Adds a rigid body with the specified properties to the robot model.

This can be ‘combined’ with the parent element (the element to which this is attaching), which means that the mass, inertia, and output frames of this element will be integrated with the parent. The mass will be combined, and the reported parent output frame that this element attached to will be replaced with the output from this element (so that the number of output frames and masses remains constant).

Deprecation notice: It is deprecated to pass a str in as a parameter to any argument. This functionality will be removed in a future release.

Parameters
  • com (str, list, numpy.ndarray, ctypes.Array) – 3 element vector or 4x4 matrix. If this parameter is a 3 element vector, the elements will be used as the translation vector in a homogeneous transformation matrix. The homogeneous transform is to the center of mass location, relative to the input frame of the element. Note that this frame is also the frame in which the inertia tensor is given.

  • inertia (str, list, numpy.ndarray, ctypes.Array) – The 6 element representation (Ixx, Iyy, Izz, Ixy, Ixz, Iyz) of the inertia tensor, in the frame given by the COM.

  • mass (int, float) – The mass of this element.

  • output (str, list, numpy.ndarray, ctypes.Array) – 4x4 matrix of the homogeneous transform to the output frame, relative to the input frame of the element.

Returns

True if the body could be added, False otherwise.

Return type

bool

Raises

ValueError – if com, inertia, or output are of wrong size

property base_frame

The transform from the world coordinate system to the root kinematic body

Returns

The base frame 4x4 matrix

Return type

numpy.ndarray

property dof_count

The number of settable degrees of freedom in the kinematic tree. This is equal to the number of actuators added.

Returns

the degrees of freedom.

Return type

int

property element_count

The number of elements which compose the kinematic tree. This is greater than or equal to the degrees of freedom.

Return type

int

get_end_effector(positions, output=None)

Generates the forward kinematics to the end effector (leaf node)

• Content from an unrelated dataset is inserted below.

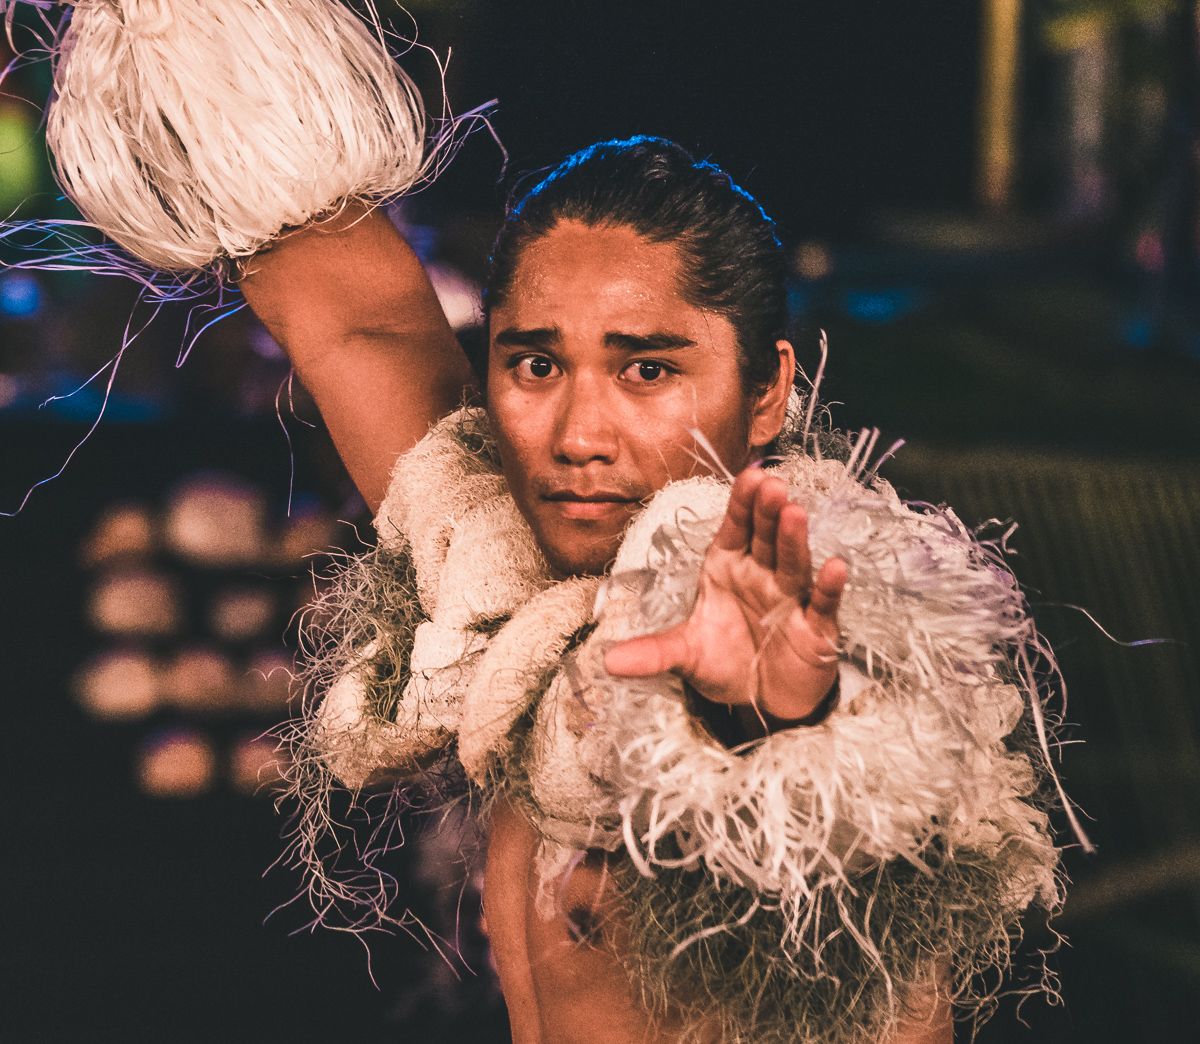 beautiful tahitian man performing cultural dance
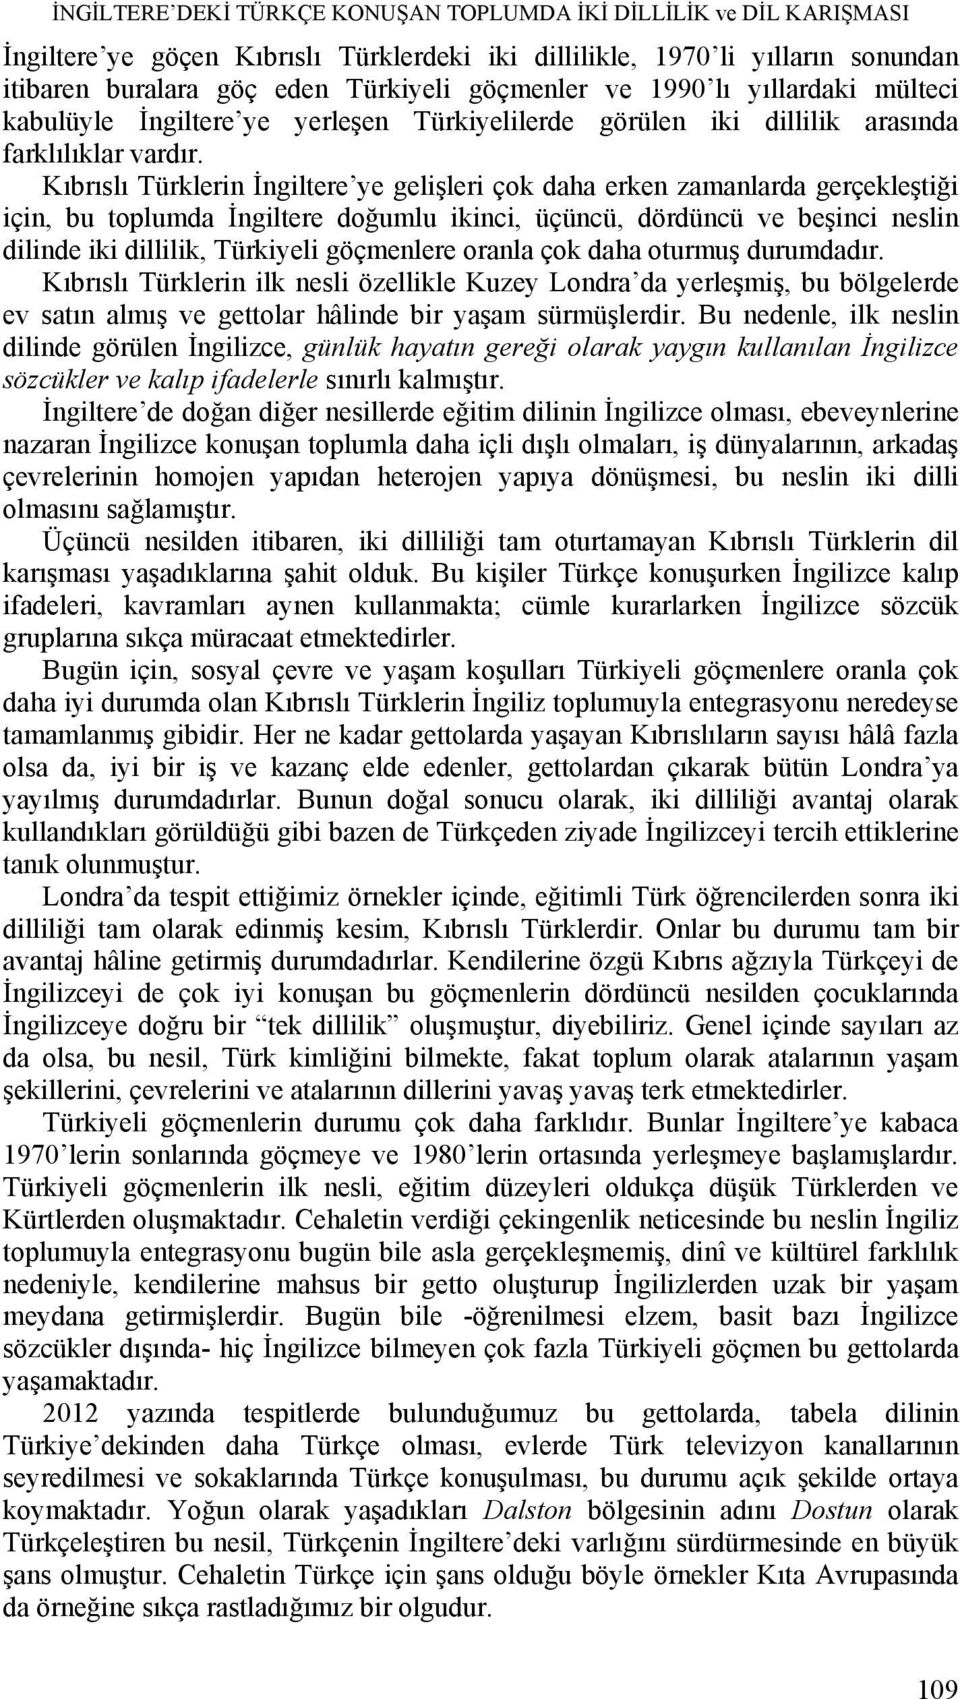 Kıbrıslı Türklerin İngiltere ye gelişleri çok daha erken zamanlarda gerçekleştiği için, bu toplumda İngiltere doğumlu ikinci, üçüncü, dördüncü ve beşinci neslin dilinde iki dillilik, Türkiyeli

Note: for center of mass frames, this is one per leaf node; for output frames, this is one per output per leaf node, in depth first order.

This method is for kinematic chains that only have a single leaf node frame.

Deprecation notice: It is deprecated to pass a str in as a parameter for positions. This functionality will be removed in a future release.

Parameters
  • positions (str, list, numpy.ndarray, ctypes.Array) – A vector of joint positions/angles (in SI units of meters or radians) equal in length to the number of DoFs of the kinematic tree.

  • output (numpy.ndarray) – An optional parameter which allows you to avoid an allocation by copying the results into this parameter. The size of this parameter is not checked, so you must be certain that it is a numpy array of dtype float (np.float64) with 16 elements (e.g., a 4x4 matrix or 16 element array)

Returns

A 4x4 transform that is resized as necessary in the function and filled in with the homogeneous transform to the end effector frame.

Return type

numpy.matrix

Raises
  • RuntimeError – If the RobotModel has no output frames

  • ValueError – If the positions input is not equal to the degrees of freedom of the RobotModel

get_forward_kinematics(frame_type, positions, output=None)

Generates the forward kinematics for the given robot model.

The order of the returned frames is in a depth-first tree.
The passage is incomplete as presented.